Now, if you’ve been hanging around a while, you know Mom really likes those little things she calls index cards. They don’t smell good but she writes on them anyway.

Today one of those index cards fell out of a book Mom had to get Dad to find on the bookshelf, which usually means she hasn’t opened it for a while. She read it to us:

No one had ever asked what it felt like to be me. Once I told the truth about that, I felt free.

Abilene, from The Help

I’m not too sure who Abilene is but, before I lived here, some people who didn’t understand what I needed chained me to a fence. It was really hot and I didn’t have any food or water.

Mom says that a lot of those people who yell on TV are really arguing about who gets to tell the truth about what it feels like to be them.

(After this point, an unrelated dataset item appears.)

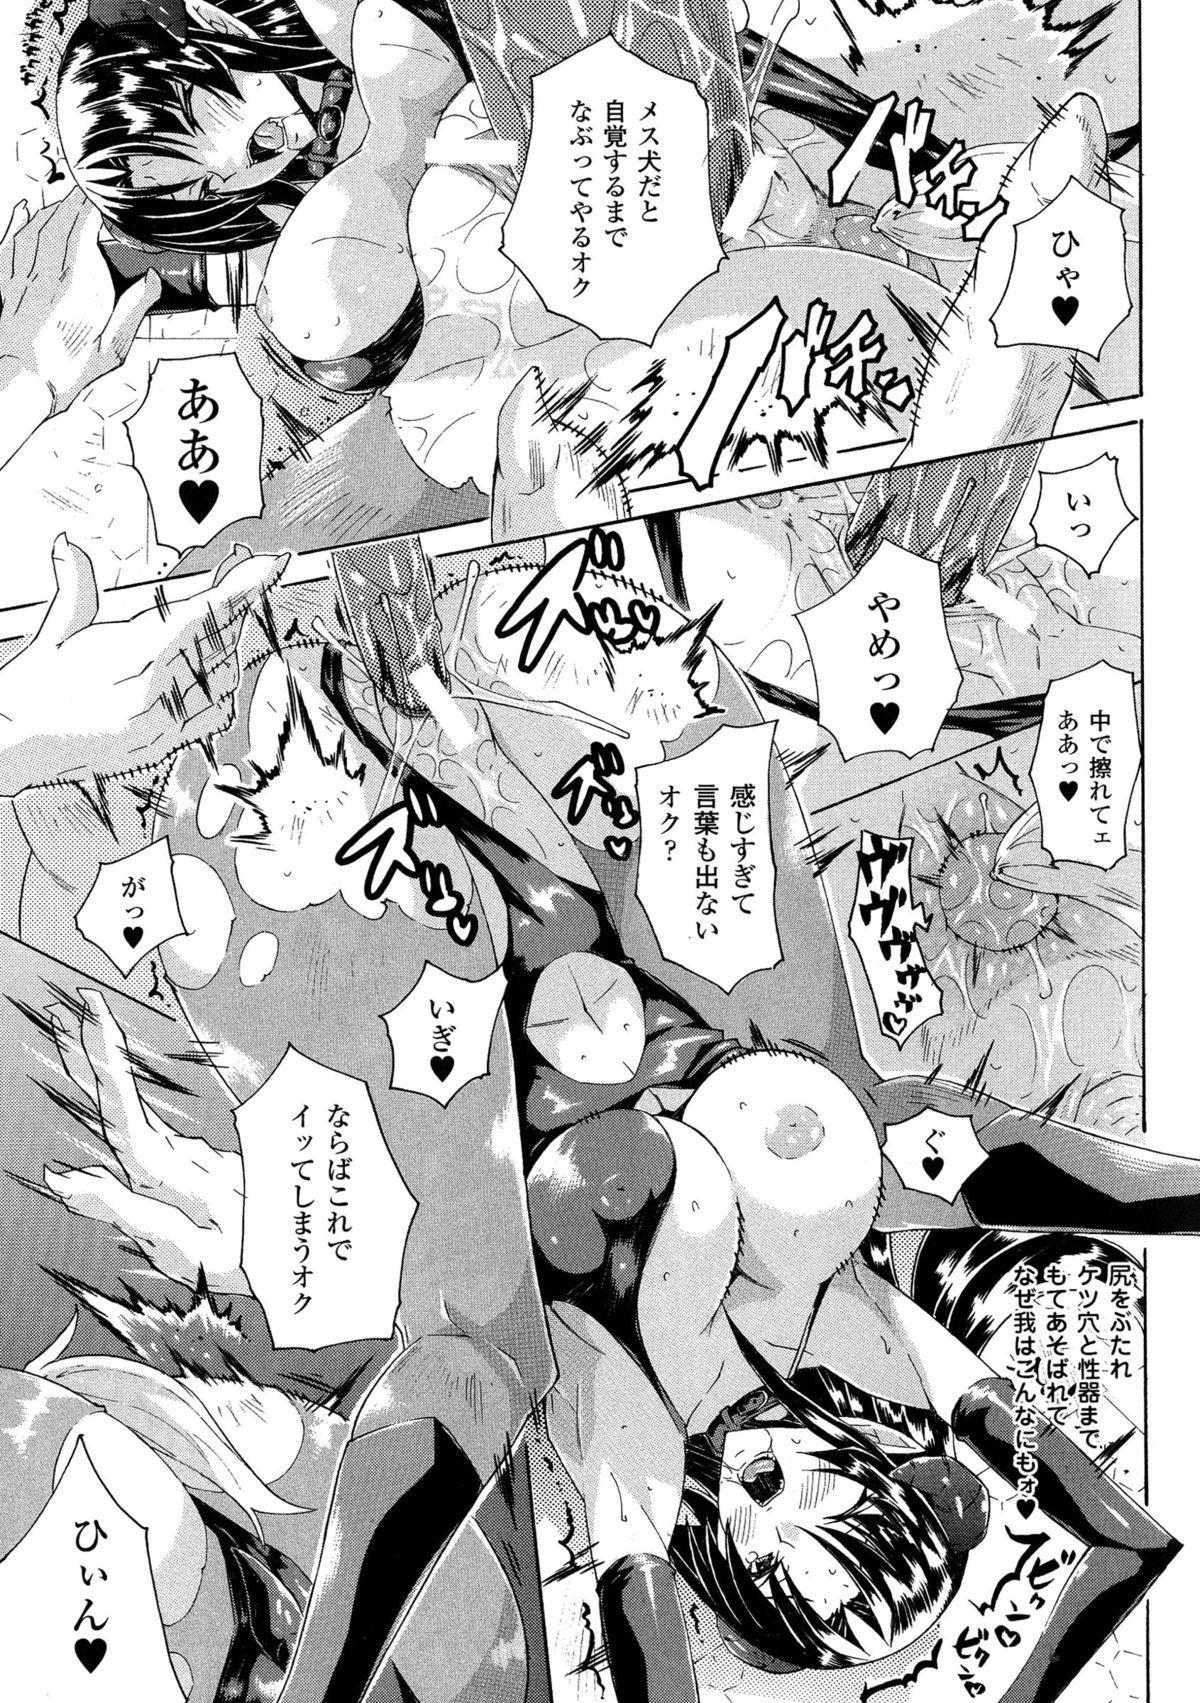 Kachiki na Onna ga Buzama na Ahegao o Sarasu made 92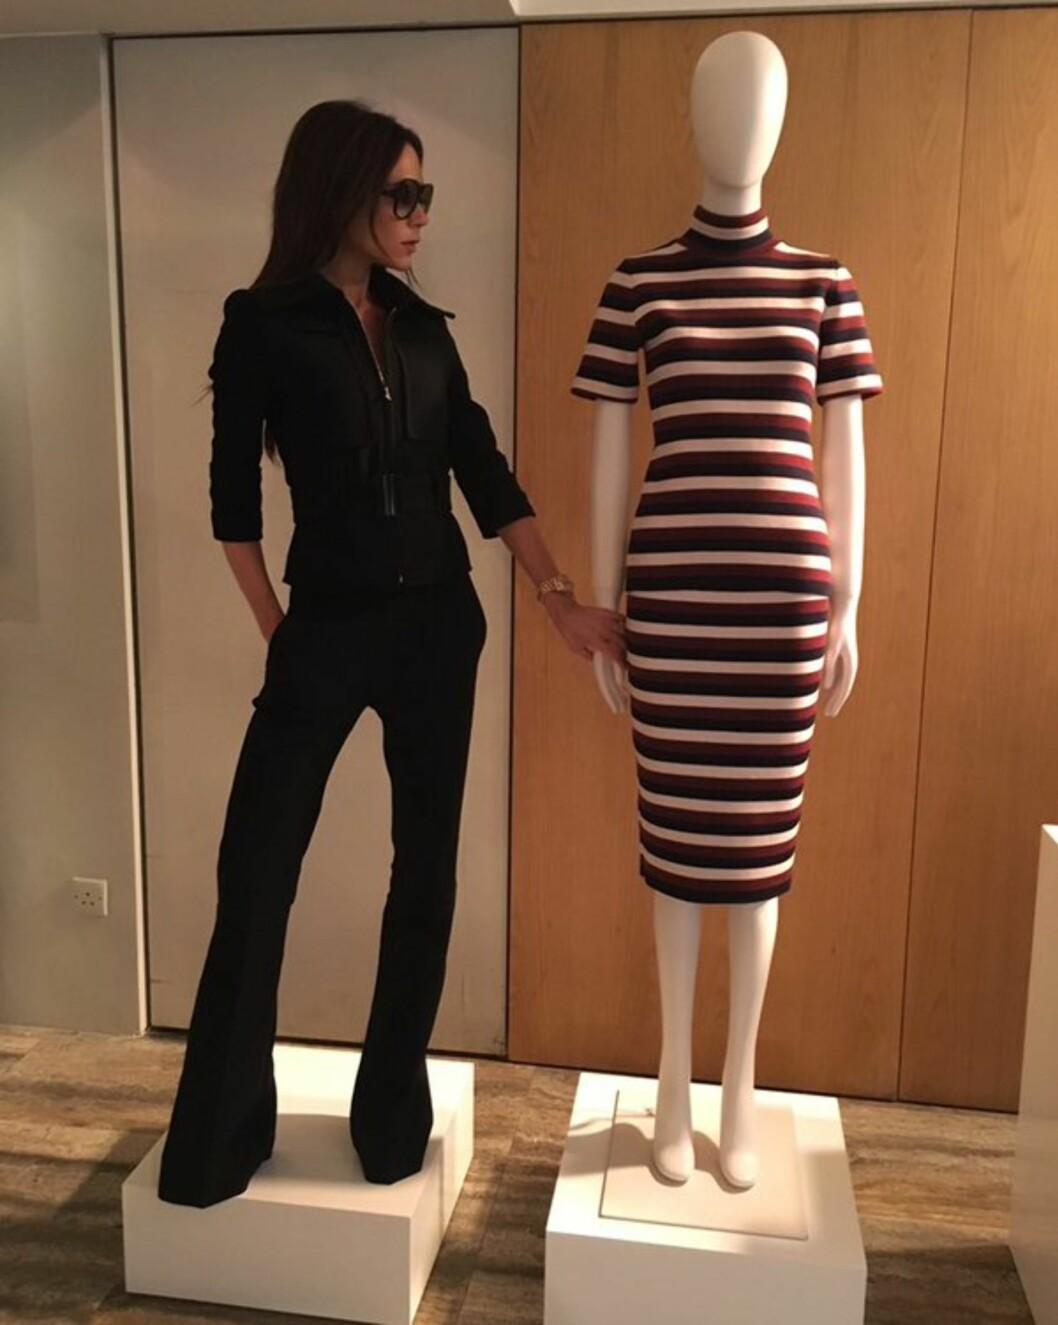 <strong>HELSORT:</strong> Designeren lager ofte kler i herlige farger, men selv ser vi hun som oftest i sort. Alltid så kul og elegant! Foto: SipaUSA

It seems like it would be easier for people because they can talk, but maybe that’s not the only problem.

Here’s what I know… Mom seems to like the people who think that it matters what everyone feels a whole lot better than she likes the ones who think only some of the people matter.

I think she’s right. I like feeling like I matter. And it’s about to be dinner time, which is a very good way to matter.